I’d never dreamed of setting a world record. But when the opportunity presented itself, I couldn’t refuse.

It happened last week at the amusement industry’s annual convention in Orlando. I go each year, eager to learn about new trends, technology and products that Children’s Fairyland might benefit from.

This year the keynote speaker for the General Managers and Owners’ Breakfast was Jim Patterson, Jr., chairman and CEO of the company that owns Ripley Entertainment, which operates 95 attractions under a dozen brands worldwide. Among them are San Francisco’s 10,000-square-foot Ripley’s Believe It Or Not! “Odditorium” and the Guinness World Records museums. The company welcomes some 13 million guests annually, has 39,000 employees, and takes in $8.4 billion in sales each year.

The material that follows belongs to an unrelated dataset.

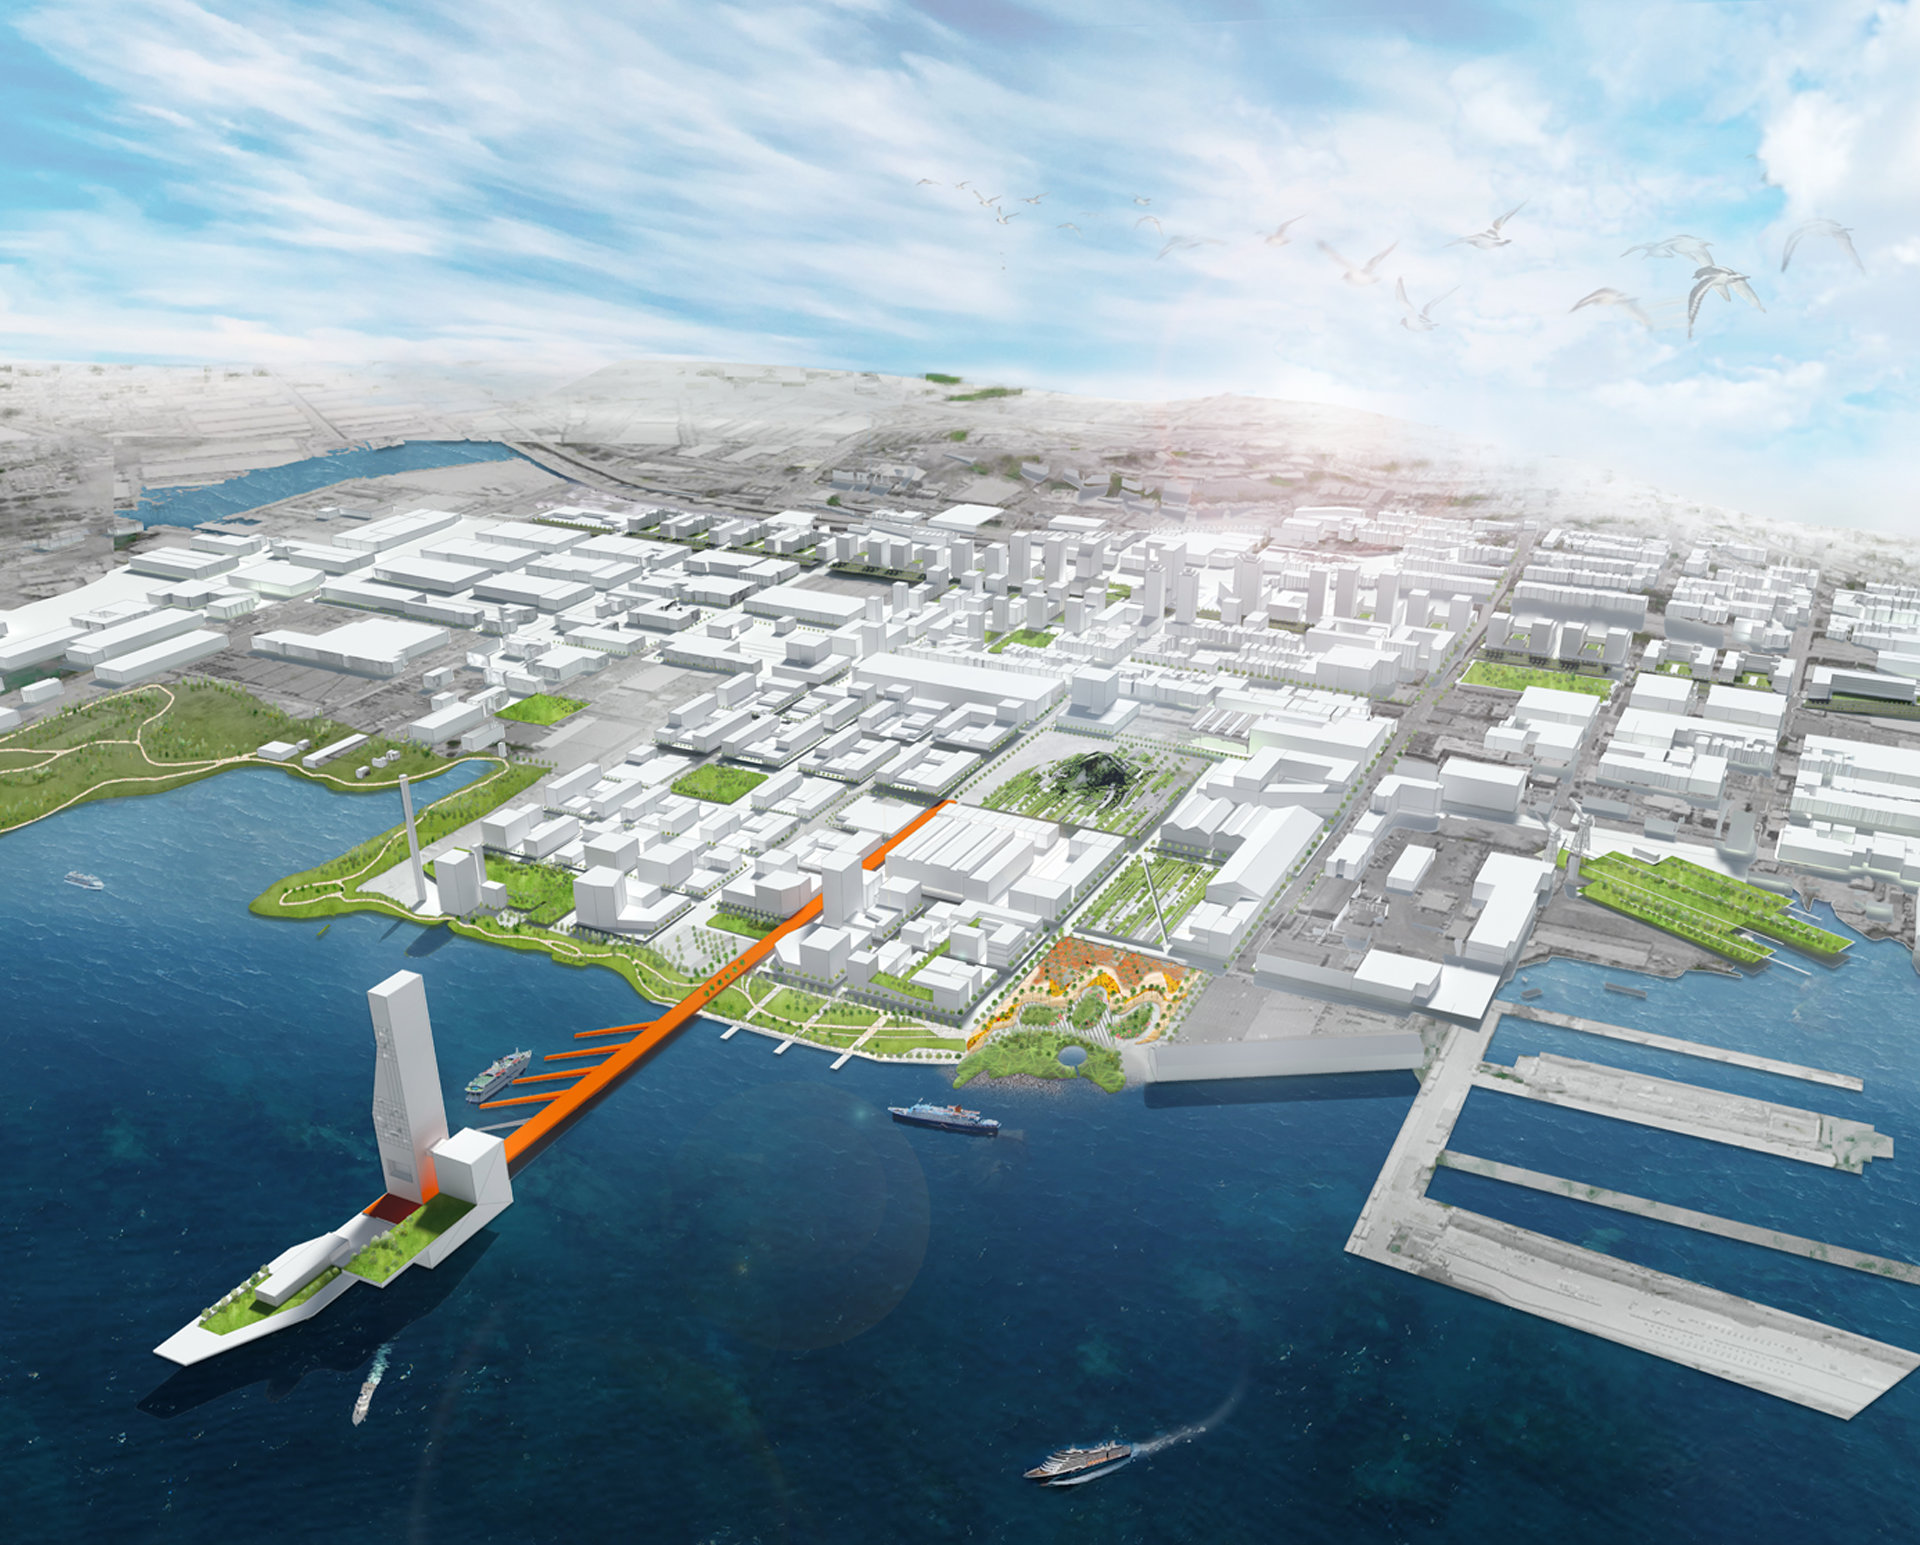 旧金山 Pier70 码头区域更新与可持续城市设计

Placed around the ballroom were delightful oddities from the weird world of Ripley’s. On each of our tables was a box sealed with stickers saying “do not open.”

It’s been 96 years since Robert Ripley, a man fascinated by primitive cultures and artifacts, published his first “Believe It or Not!” newspaper cartoon. By 1933, the cartoon was read daily by millions of people; it was translated into 17 languages and published in 300 newspapers around the globe. Today it’s the longest-running comic strip in the world.

Pattison began his presentation with a humorous account of his life as a high school and college dropout and workplace washout – he was fired from his first job as delivery-truck driver. He was going to tell us about his company, he said, and its wonderfully quirky “Ripley Way,” but first he invited us to reveal the mystery of the boxes.

Each one contained a number of model glider airplanes made of balsa wood.

They were there for a reason, Pattison told us. We were going to attempt a world record: “The most people launching handheld model gliders simultaneously.” To underscore the seriousness of the effort, Pattison introduced a British-accented representative from Guinness World Records, who was there to officially verify our effort.

After receiving our instructions we got the 3-2-1 countdown, and then hundreds of guests threw their model gliders into the air in unison. While the numbers were tabulated, Pattison continued with his keynote talk.

Pattison described Ripley’s as being a “functionally dysfunctional” company, thanks in large part to the Ripley Way. Here are its components:

–Management by chaos is not all bad (be flexible)

–If it’s not broken, mess with it (continue to improve)

–Fight turf and bureaucracy (keep focus on the customer)

–Embrace technology

–Reduce debt quickly

–Think big, act small, do more with less (“we have some tickets priced at $10”)

–Disruptors: Always be aware (our competition is people’s time)

–Force change (most people dislike it anyway)

–It’s okay to fail; fix it and move on

–Due diligence (do your homework)

–Opportunity doesn’t make a reservation (go for it when it makes sense)

–Team equals chemistry (you don’t have to like each other to be successful)

–Never lose touch with your customer (get out from behind your desk).

The Guinness official then returned with the results of our effort. Thirteen people were disqualified for non-participation, one for pretending to be a plane, and another for launching the plane in the wrong direction. But the 647 people who simultaneously launched our handheld gliders succeeded in smashing the previous world record of 250.

Each participant was presented with an official certificate commemorating the event. If we want a personalized certificate, we can go to the Guinness website, where Pattison assured us we’d be given a 50 percent discount. “Hey, we’re entrepreneurial,” he laughed.

Then he announced that, in honor of our new record, his company was making a $10,000 donation to Give Kids the World, an industry-funded resort and theme park in Florida for children with life-threatening illnesses and their families.